X, Y = np.meshgrid(x, y)
Z = f(X, Y)
plt.contourf(X, Y, Z, 20, cmap='RdGy')
plt.colorbar()
Copy the code

Draw the image as follows: peaks in black and valleys in red.

Draw the animation

Animation library is introduced to draw animation, and FuncAnimation method is called to draw animation.

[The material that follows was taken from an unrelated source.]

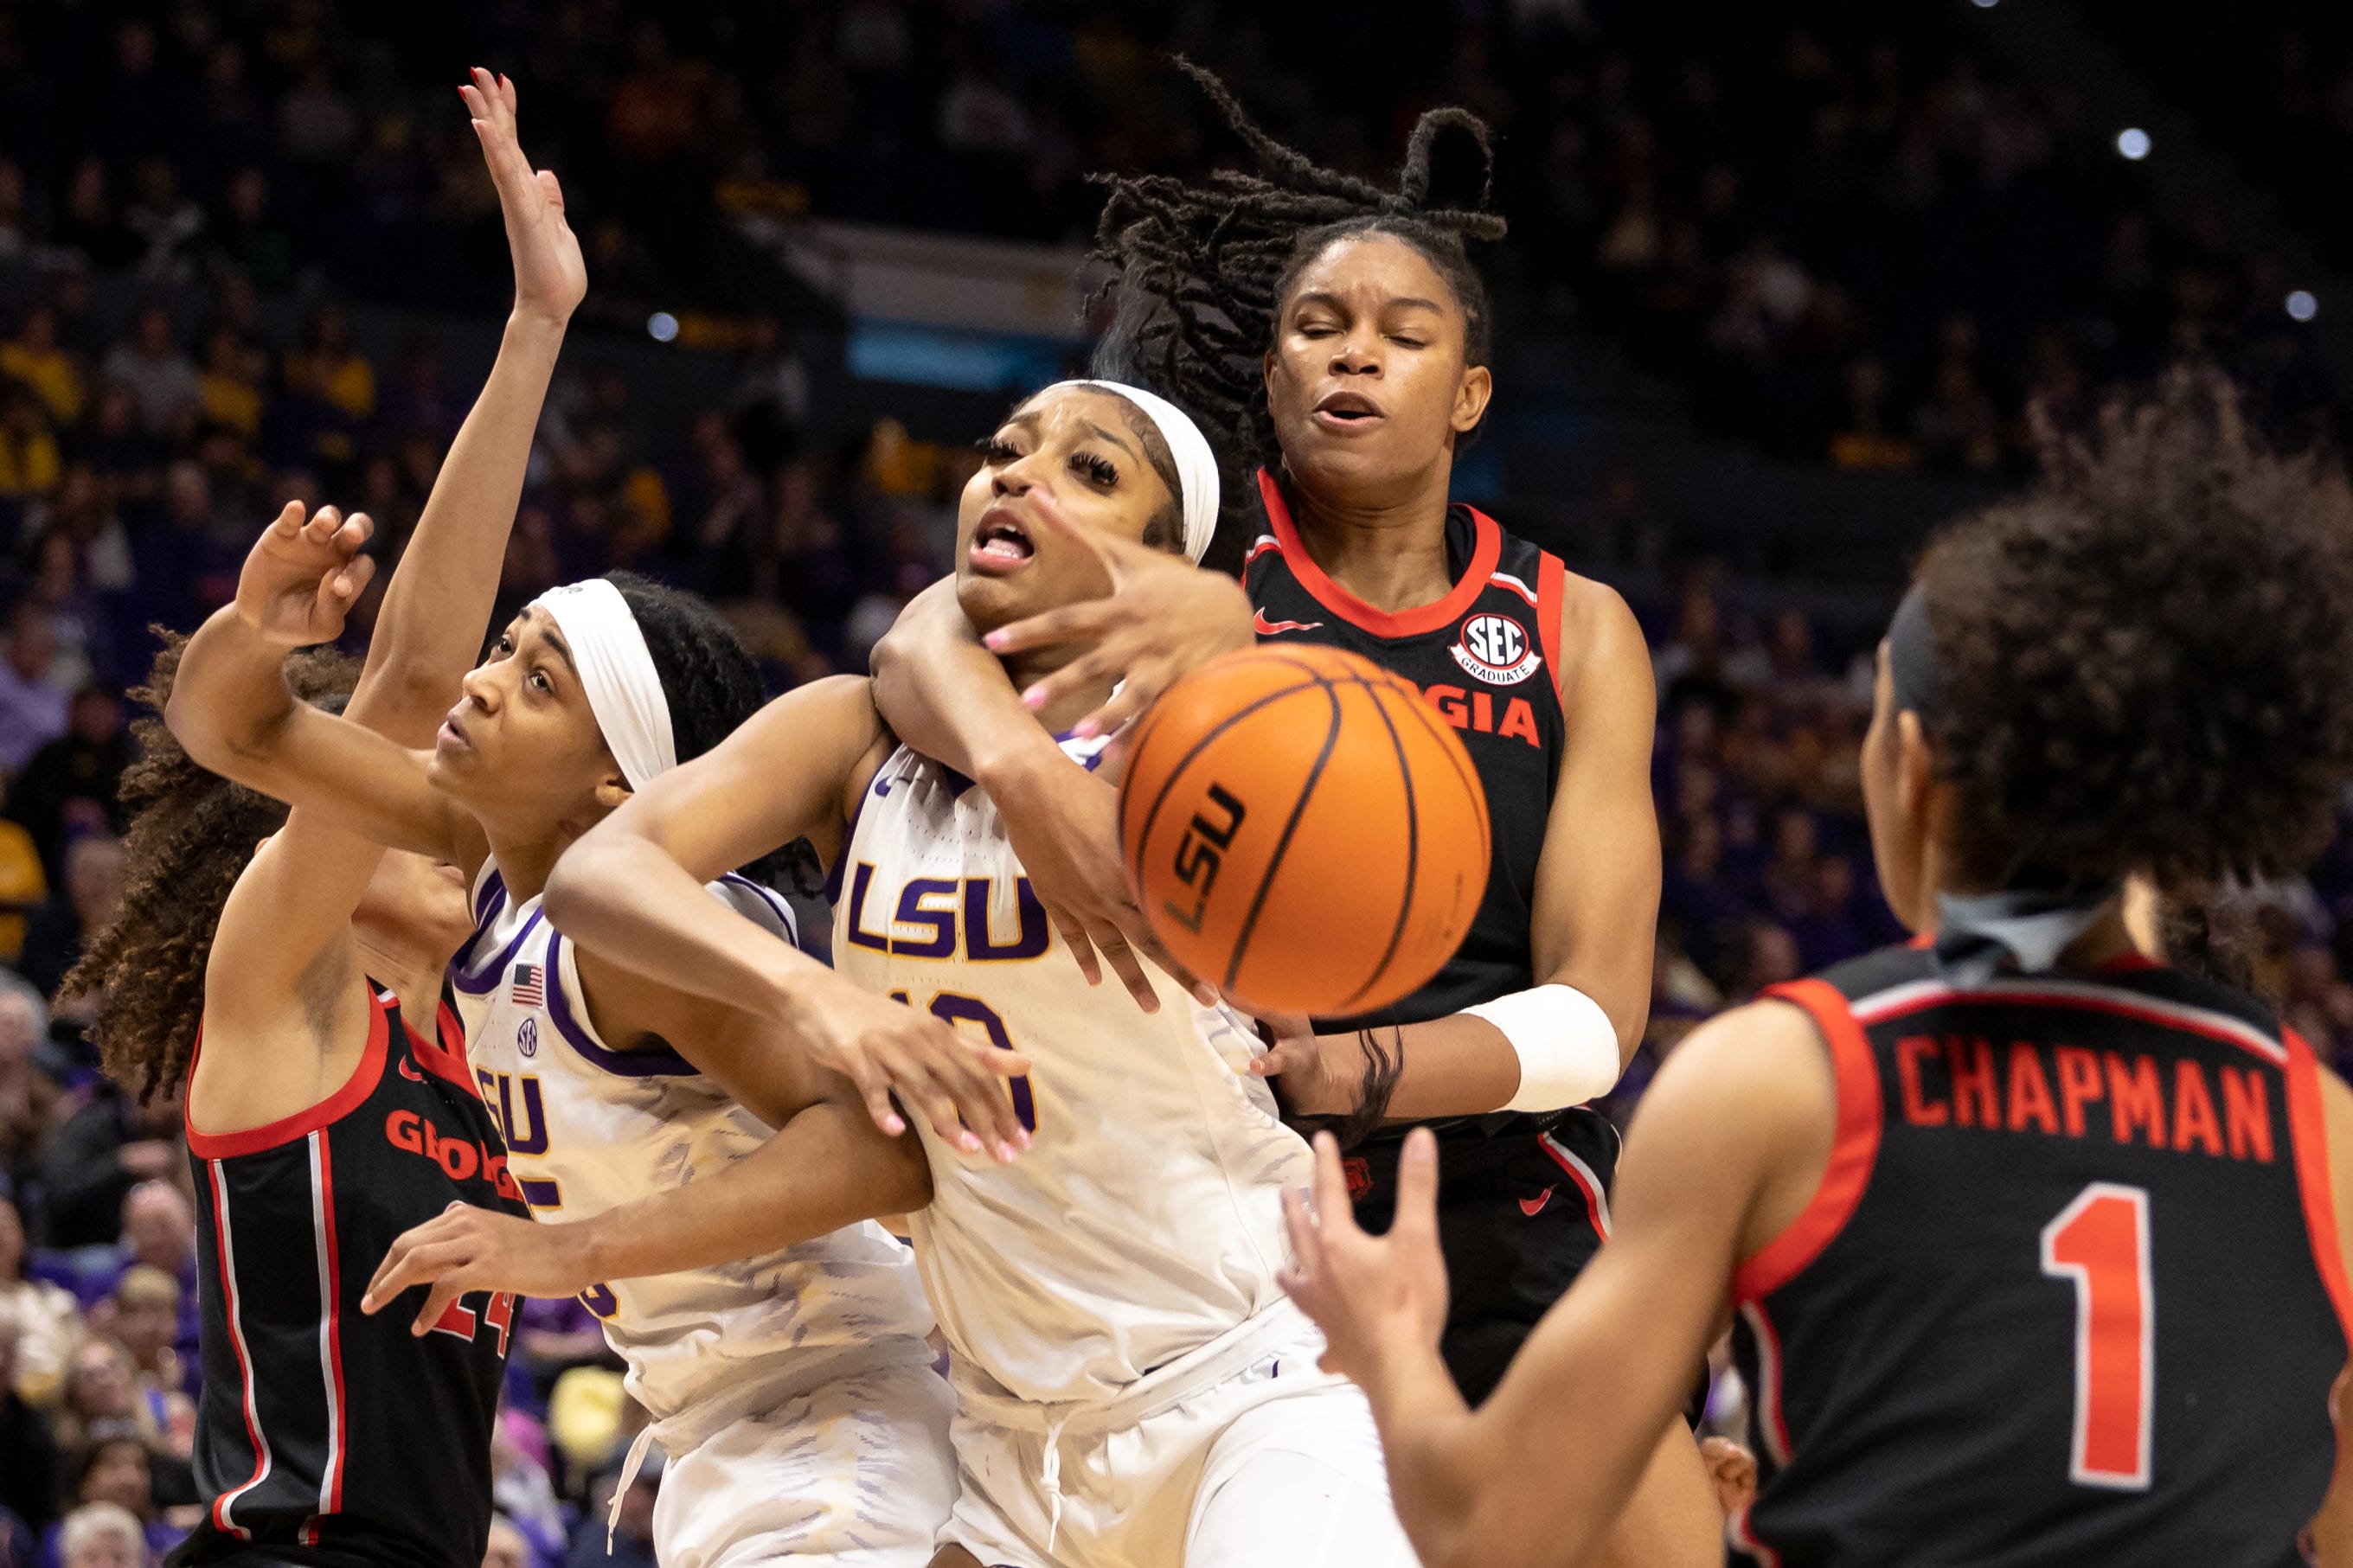 Feb 2, 2023; Baton Rouge, Louisiana, USA;  LSU Lady Tigers forward Angel Reese (10) is fouled by the Georgia Lady Bulldogs during the first half at Pete Maravich Assembly Center. Mandatory Credit: Stephen Lew-USA TODAY Sports
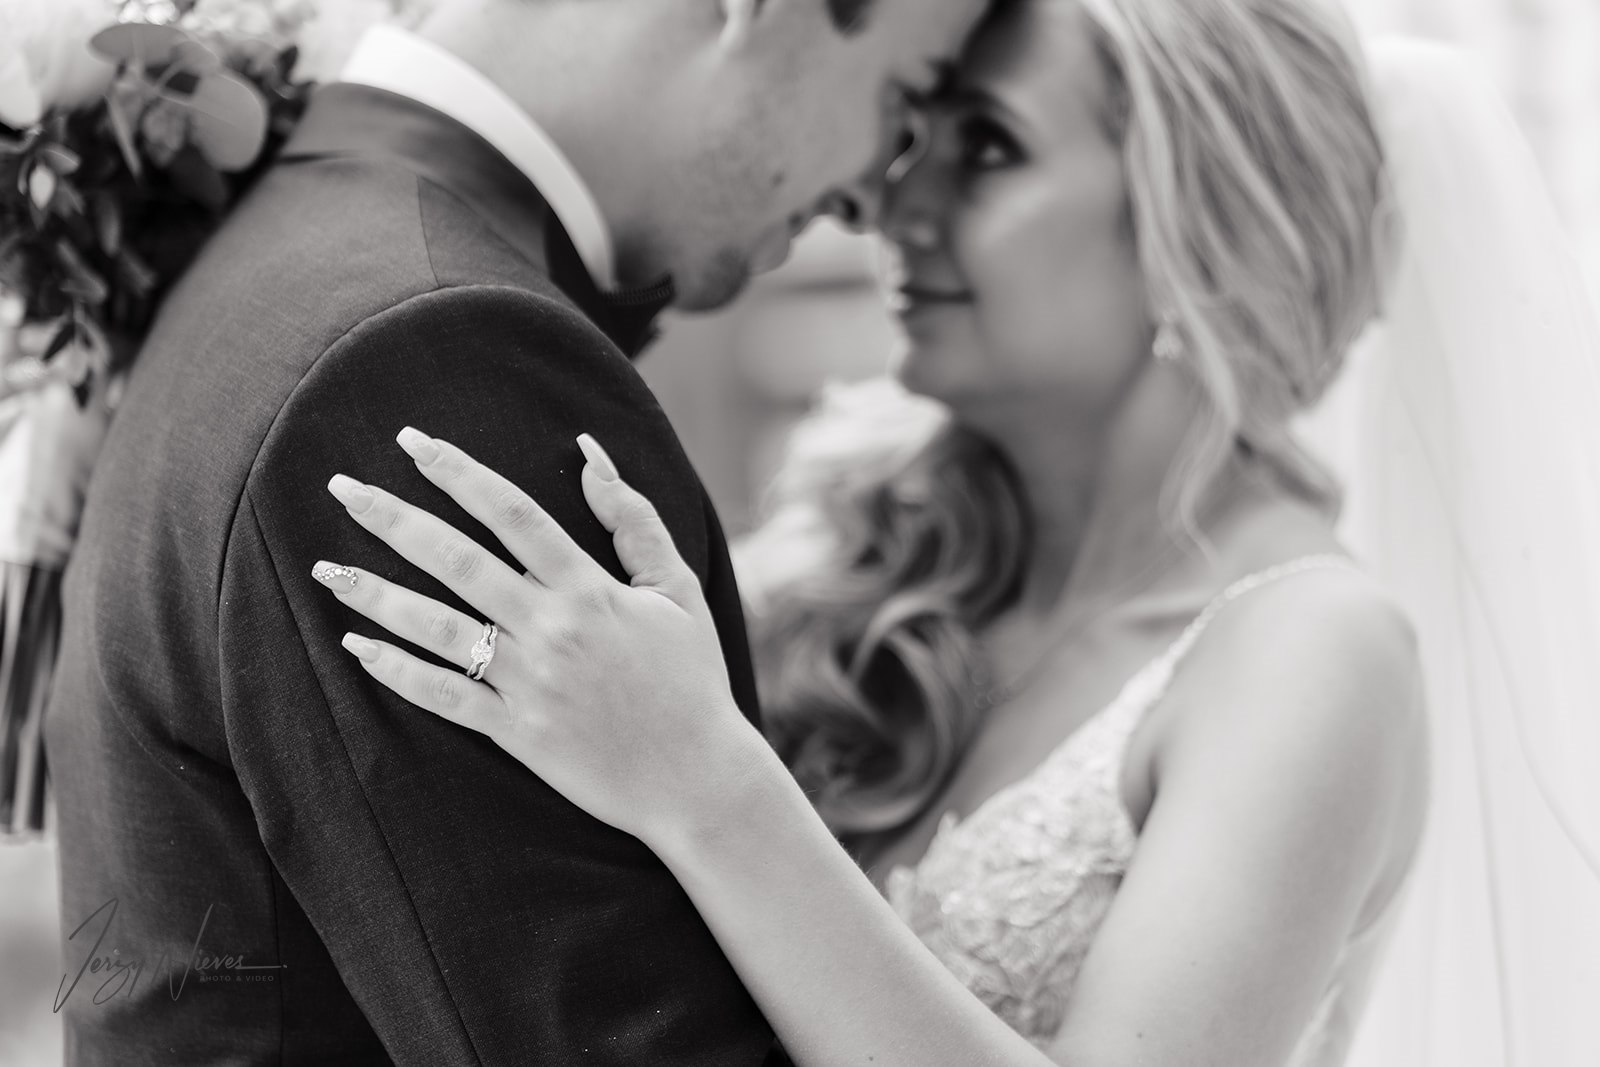 Black and white photo of the newlyweds touching foreheads while dancing, focusing on the bride's hands with her wedding bands and her hand on his shoulder.

import numpy as np from matplotlib import pyplot as plt from matplotlib import animation fig = plt.figure() ax = PLT. Axes (xlim = (0, 2), ylim = (2, 2)) line, = ax. The plot ([], [], lw = 2) # initialization method def init () : Line.set_data ([], []) return line, def animate(I): X = np.linspace(0, 2, 1000) y = np.sin(2 * np.pi * (x - 0.01 * I)) line.set_data(x, y) return line, Anim = animation.FuncAnimation(FIG, animate, init_func=init, frames=200, interval=20, blit=True) anim.save('ccccc.gif', fps=30) plt.show()Copy the code

In the code aboveanim.save()Method supports saving mp4 files.

Draw the GIF as follows:

conclusion

This concludes our front-loading machine learning series, and we’re ready for hands-on machine learning. For the full series on front-loading machine learning, please visit caiyongji or my blog at blog.caiyongji.com. As you may have noticed, my tutorial is more hands-on. The next series of machine learning tutorials will also be more practical than theoretical.

Don’t panic if you are afraid of math, just follow me and learn it slowly.